● ACTION ITEM: Every line of the listing below from the one with "A geometric pattern" up to and including the one with "Large round bottle" should be retyped exactly, and nothing else; pictures are not part of the copy.

● DATA EXTRACT:

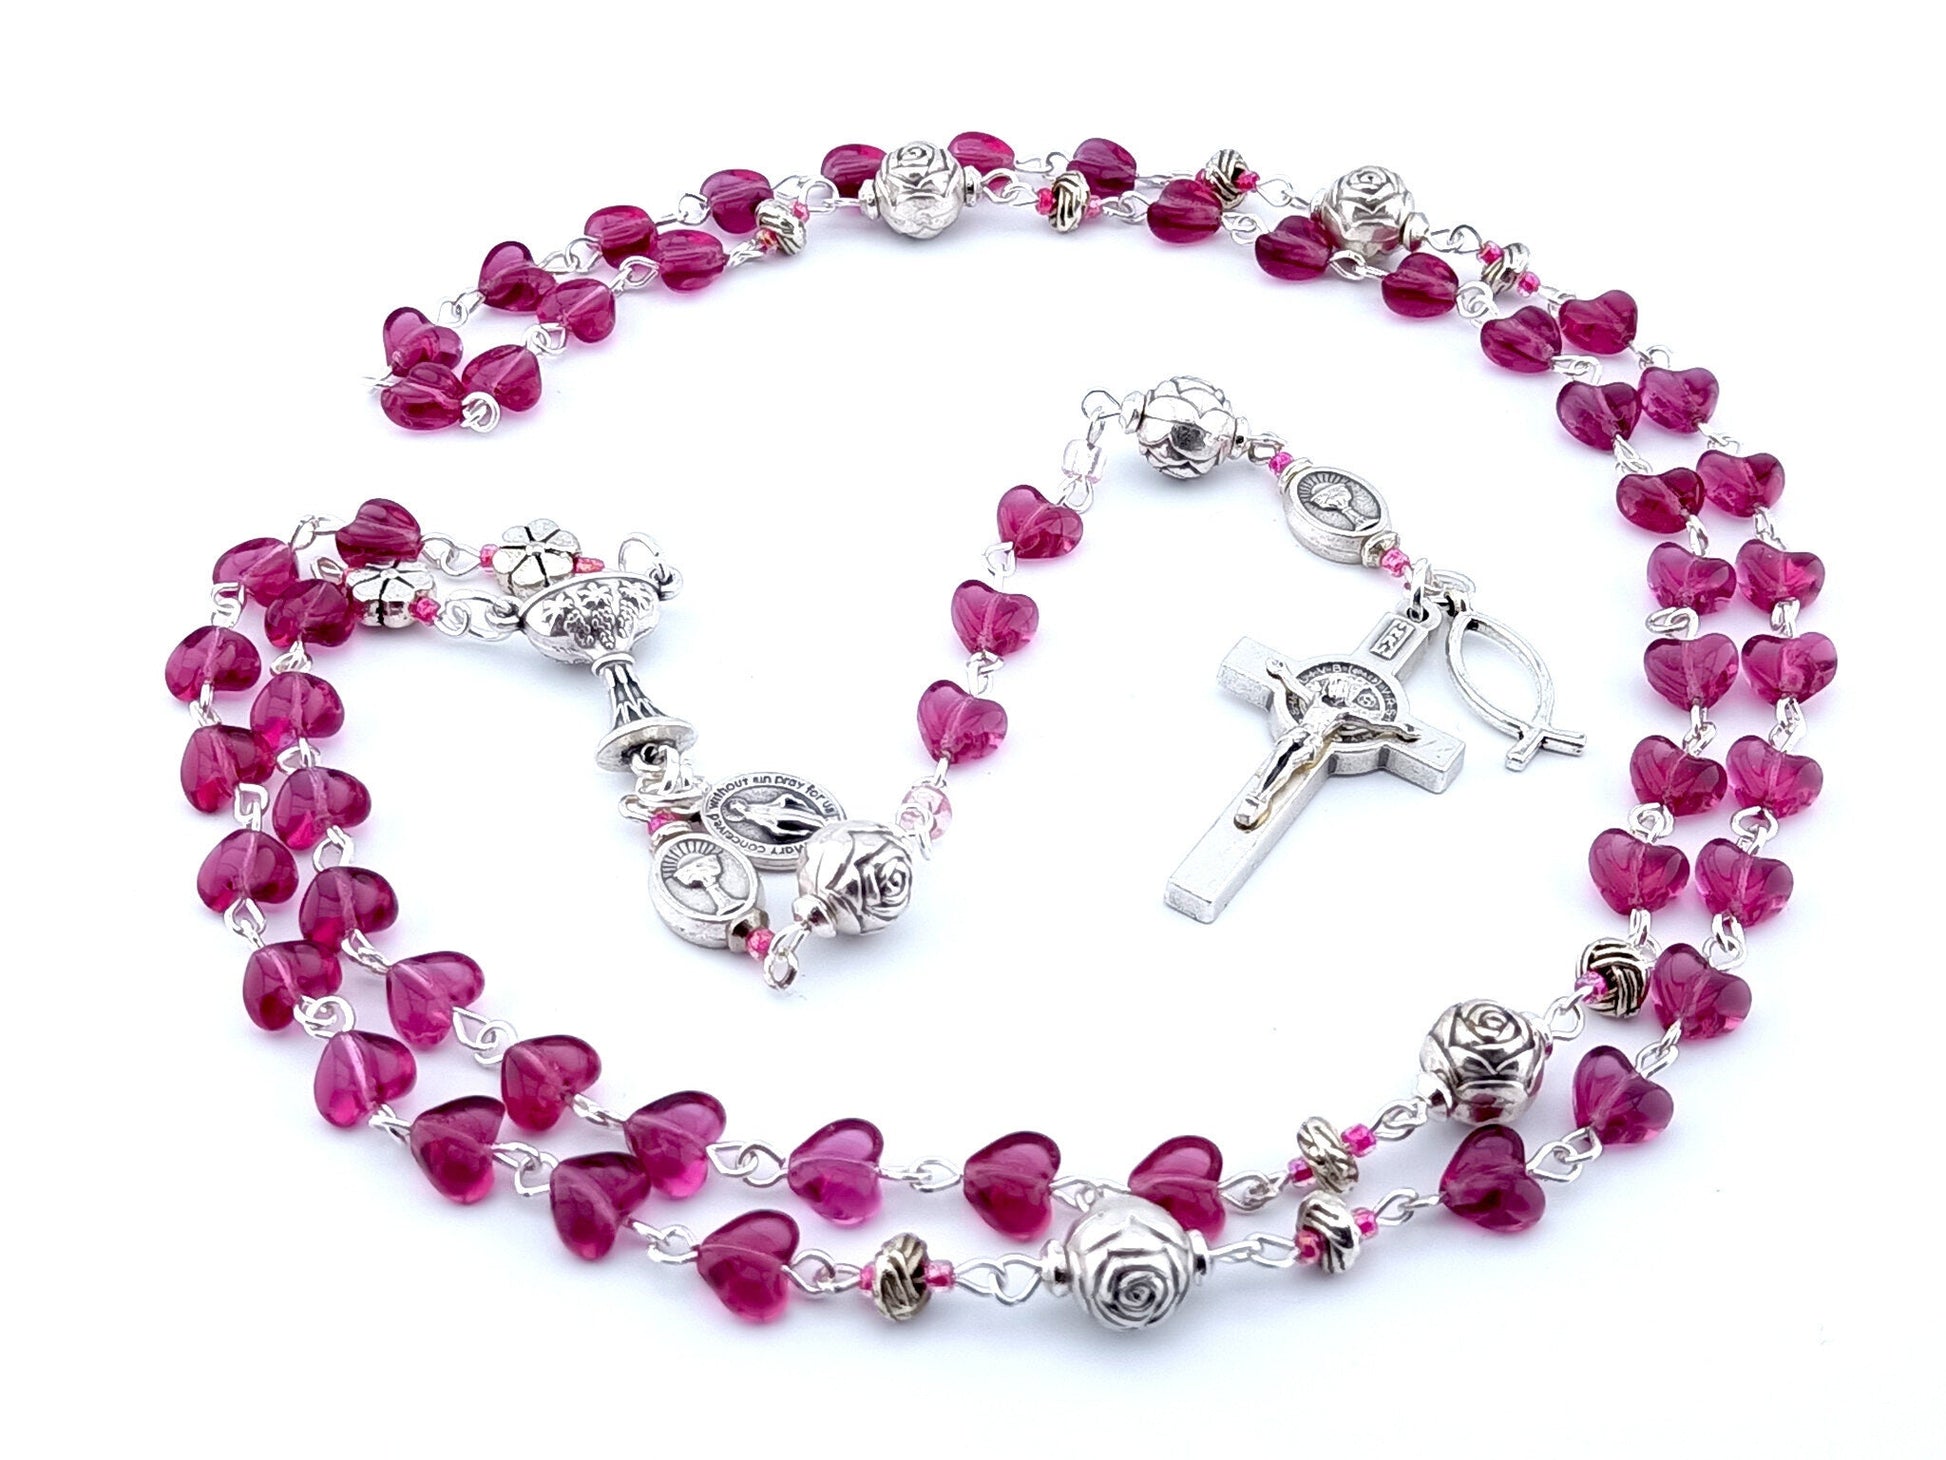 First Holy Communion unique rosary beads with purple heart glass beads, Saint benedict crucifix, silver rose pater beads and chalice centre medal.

--

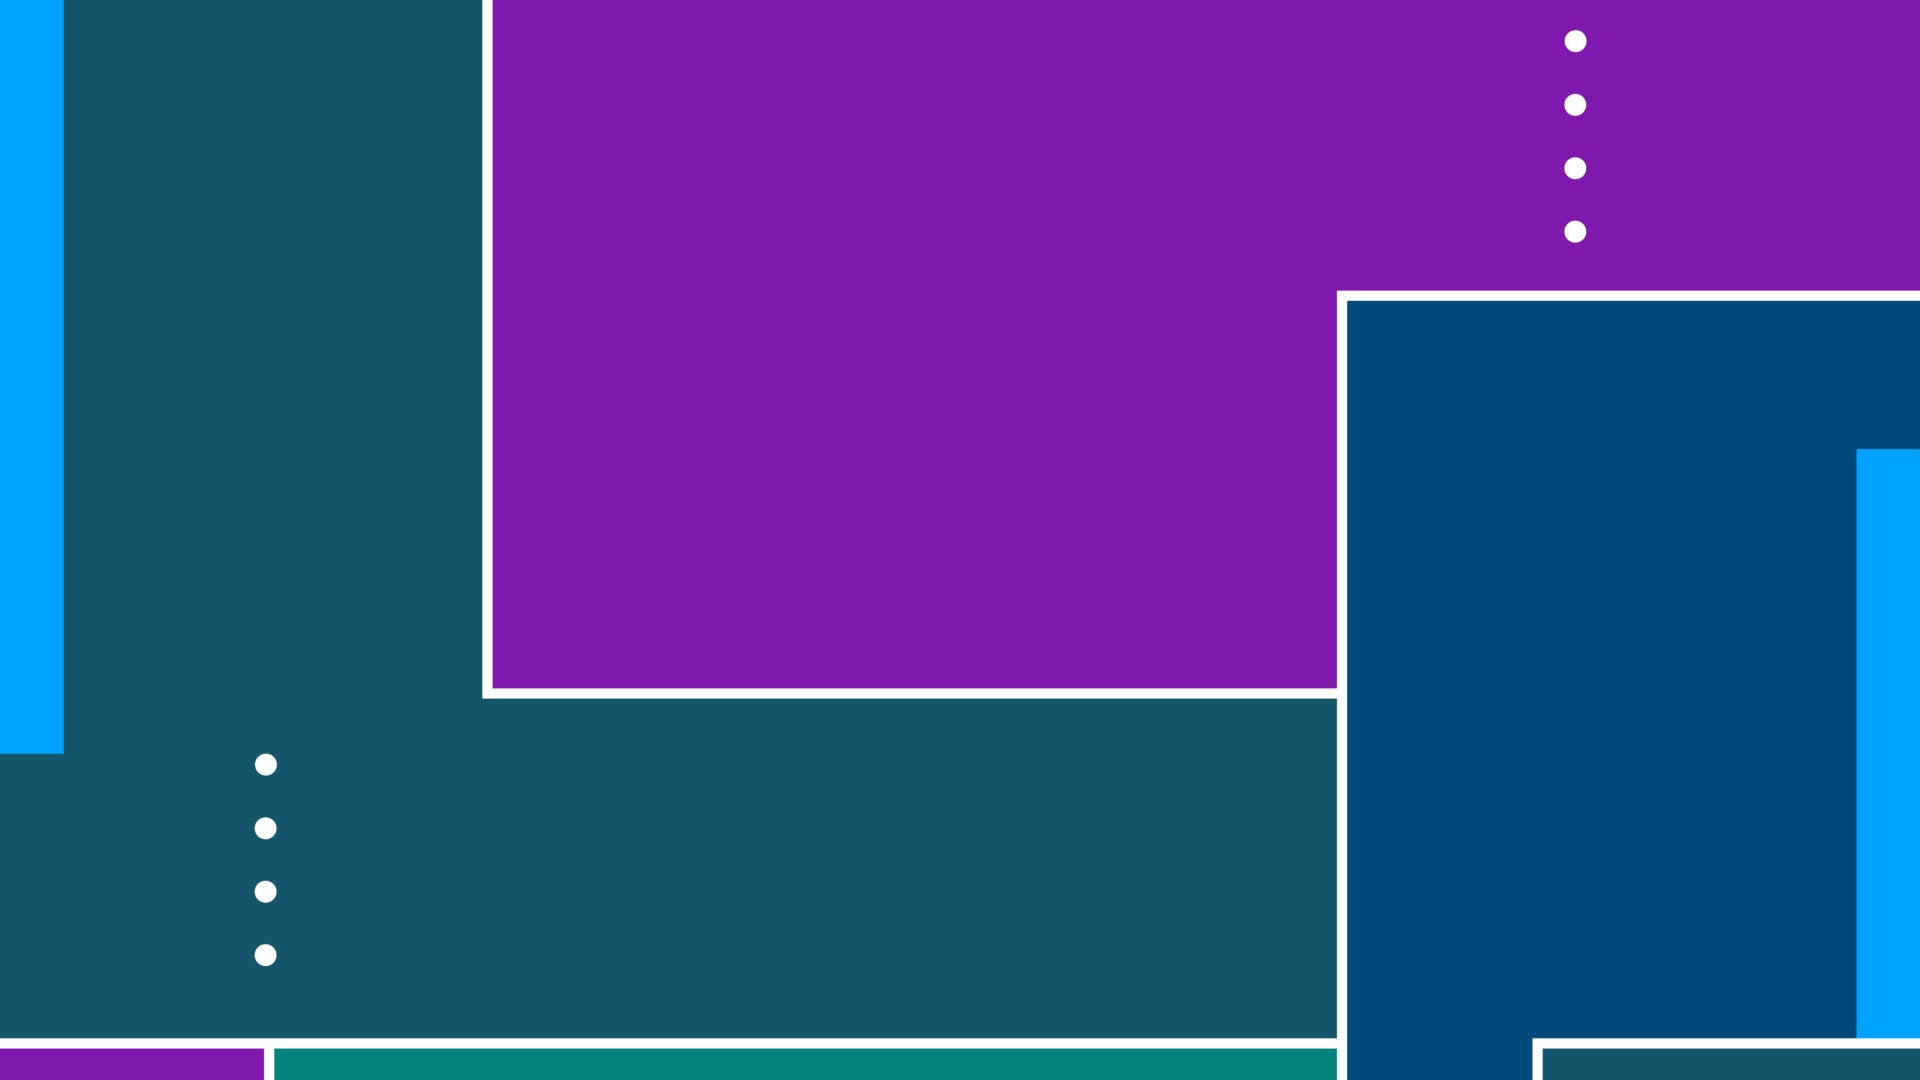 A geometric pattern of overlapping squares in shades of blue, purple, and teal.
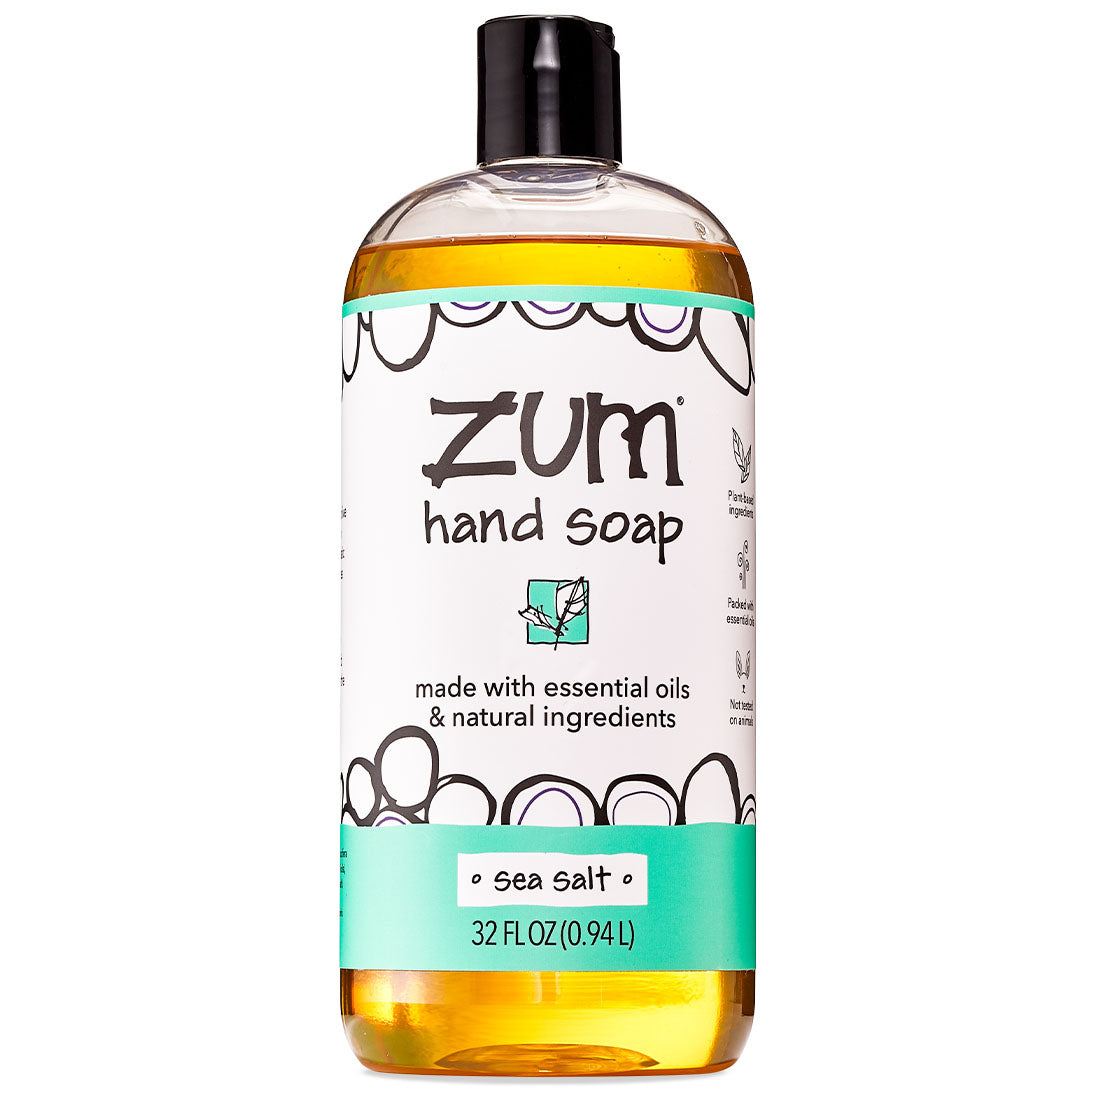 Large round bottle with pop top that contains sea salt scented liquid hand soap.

● TASK OUTPUT:
 A geometric pattern of overlapping squares in shades of blue, purple, and teal.
 Large round bottle with pop top that contains sea salt scented liquid hand soap.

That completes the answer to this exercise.